Specialized cells found on the surface of plant roots. They have long hair-like structures. Their function is to increase surface area of the roots for increased absorption of mineral ions and water from the soil. They also have a lot of mitochondria to release energy for active transport.
Describe the pathway that water takes from the roots to the leaves
Root hair cell (surface of root) -> root cortex cell (inside root) -> xylem vessels (from the roots through the stem) -> mesophyll cells (in leaf)
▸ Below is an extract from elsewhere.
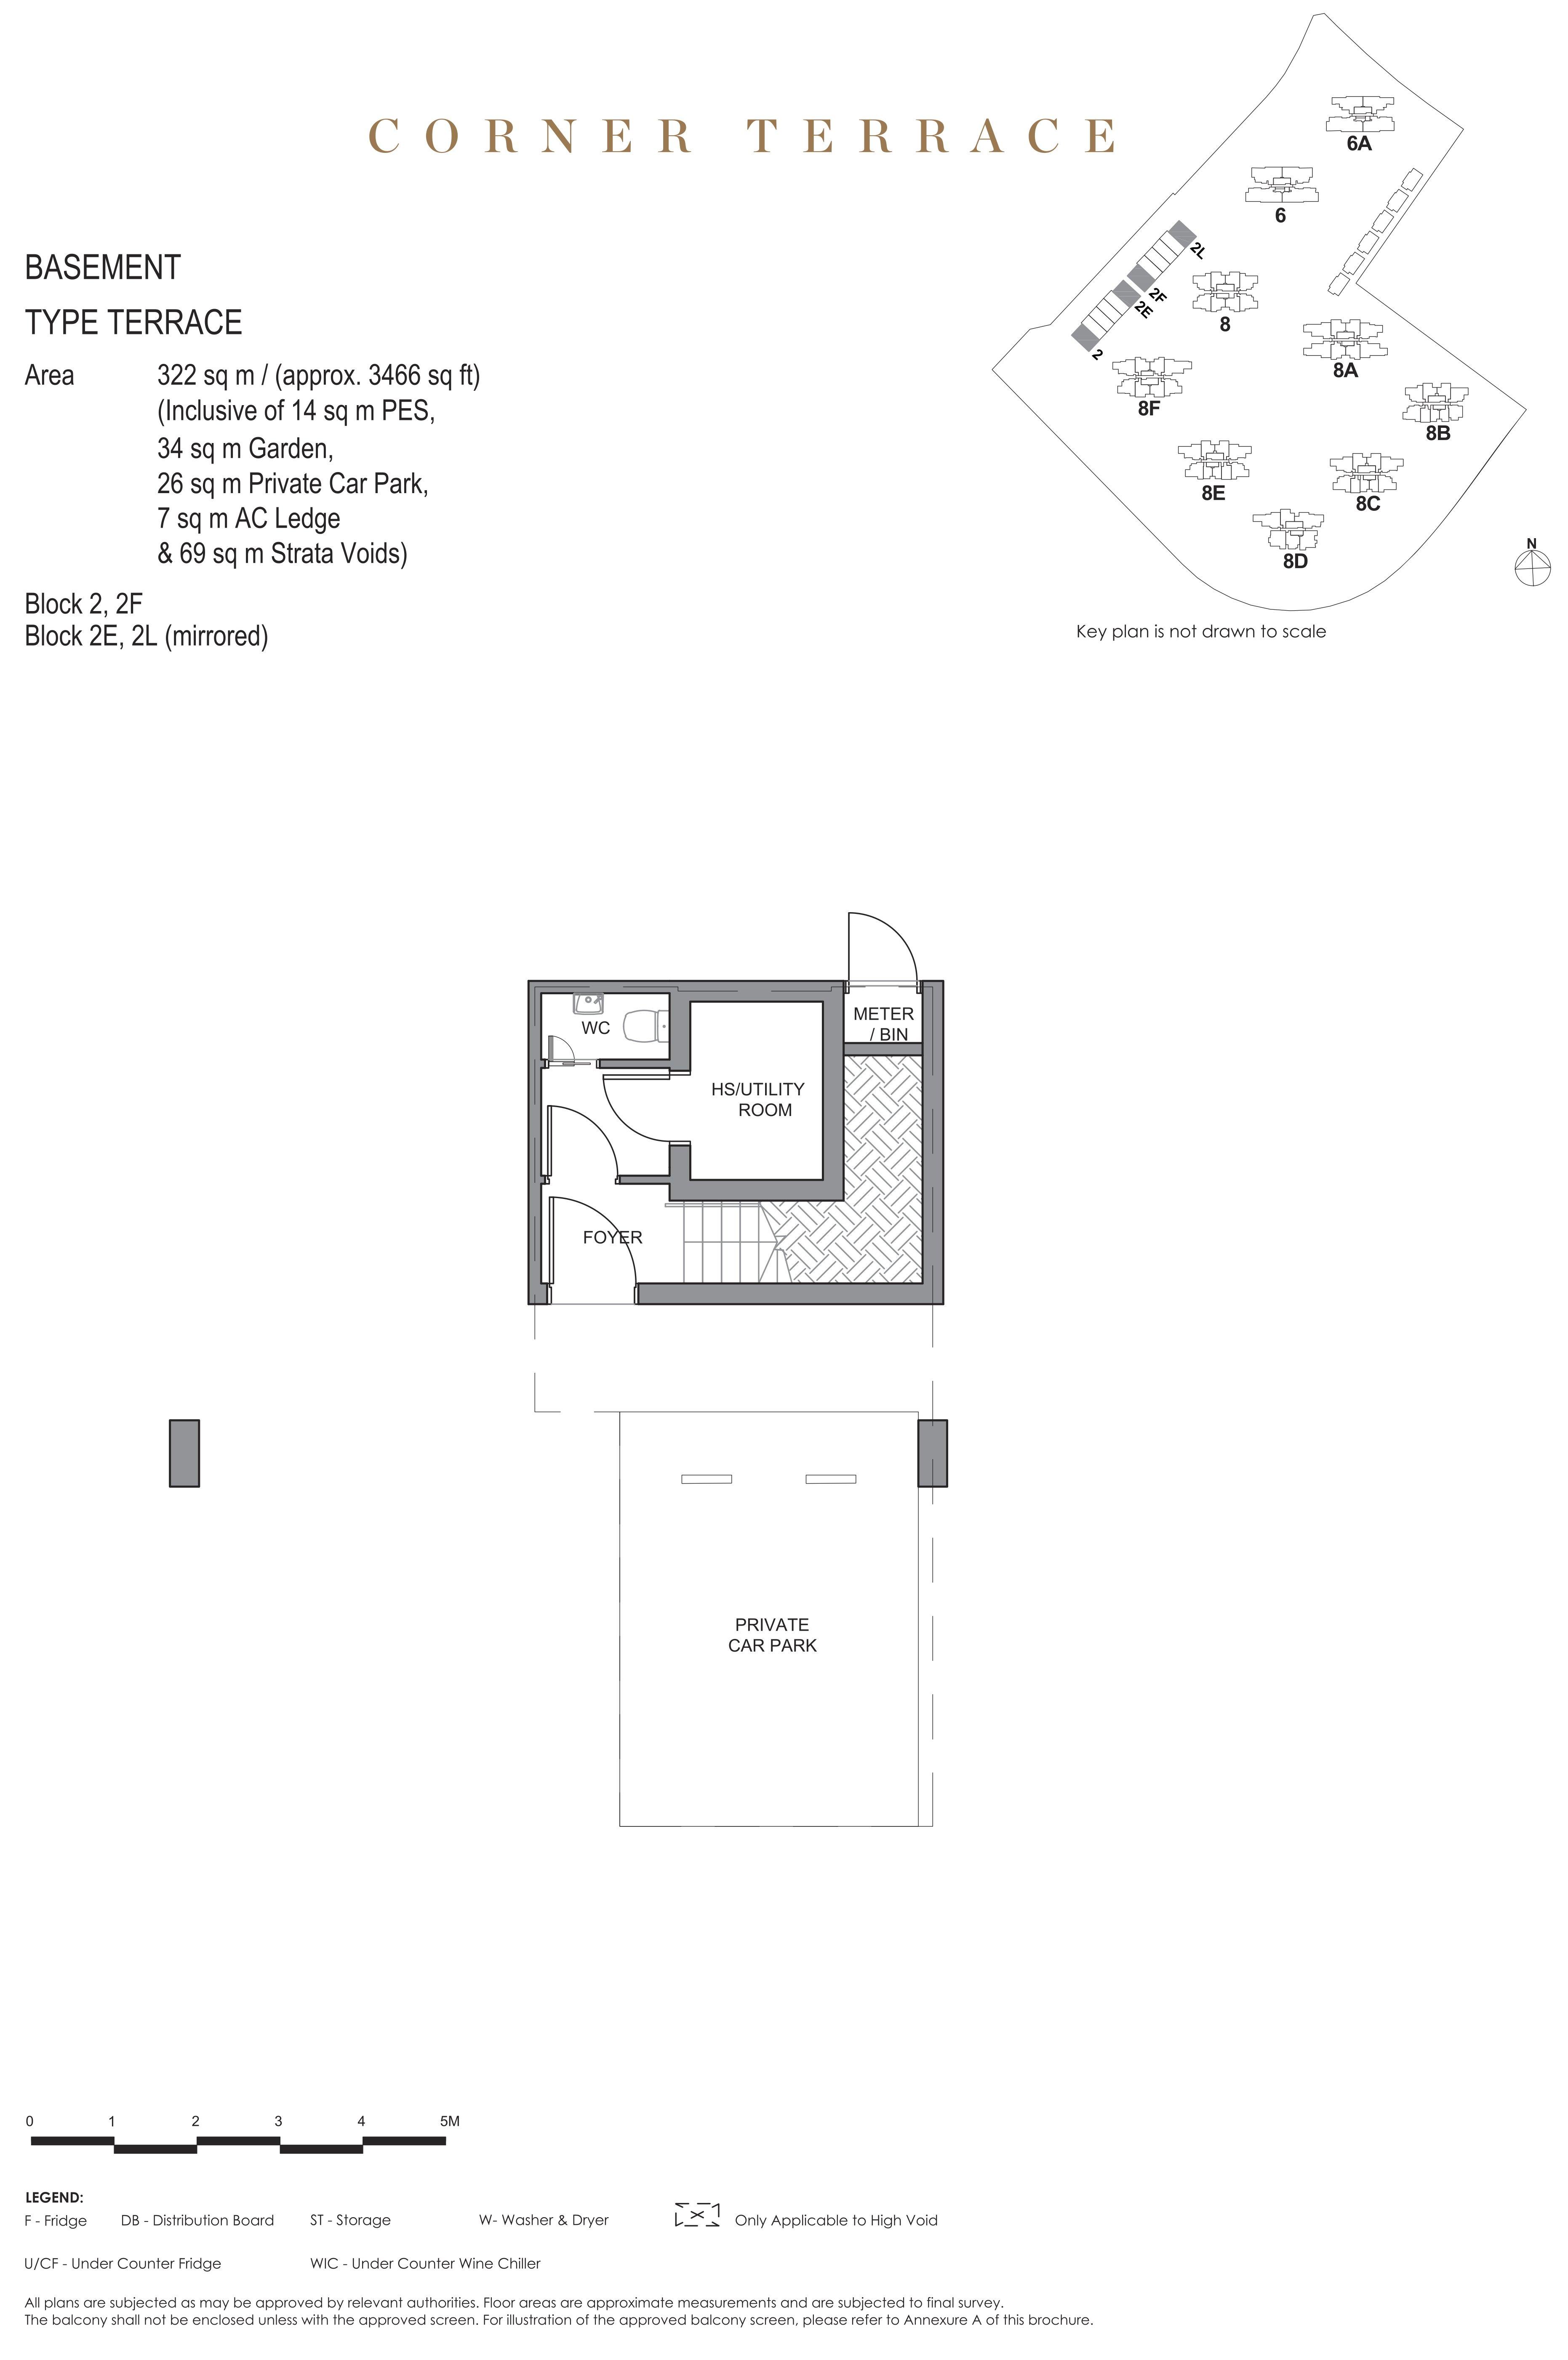 Parc Clematis 锦泰门第 masterpiece corner terrace basement

What is transpiration + purpose?
The loss of water vapour from the leaves. The water (from the soil, transported to the spongy mesophyll cells) will evaporate at the surface of spongy mesophyll cells (due to the air spaces in them & a large sa), and then the water vapour will then diffuse out of the leaf through the stomata. Leaves have more stomata in the lower epidermis, which means hat most transpiration happens there.
State 1 advantage and 1 disadvantage of transpiration
+ helps cool the plant on hot days as water evaporates
- plant may lose too much water
State 3 factors which affect the rate of transpiration
- Temperature - higher temperature means higher rate of transpiration to cool down the plant. At high temperature, water molecules gain energy, the rate of evaporation of water from mesophyll cells increases, and therefore diffusion of water vapour increases.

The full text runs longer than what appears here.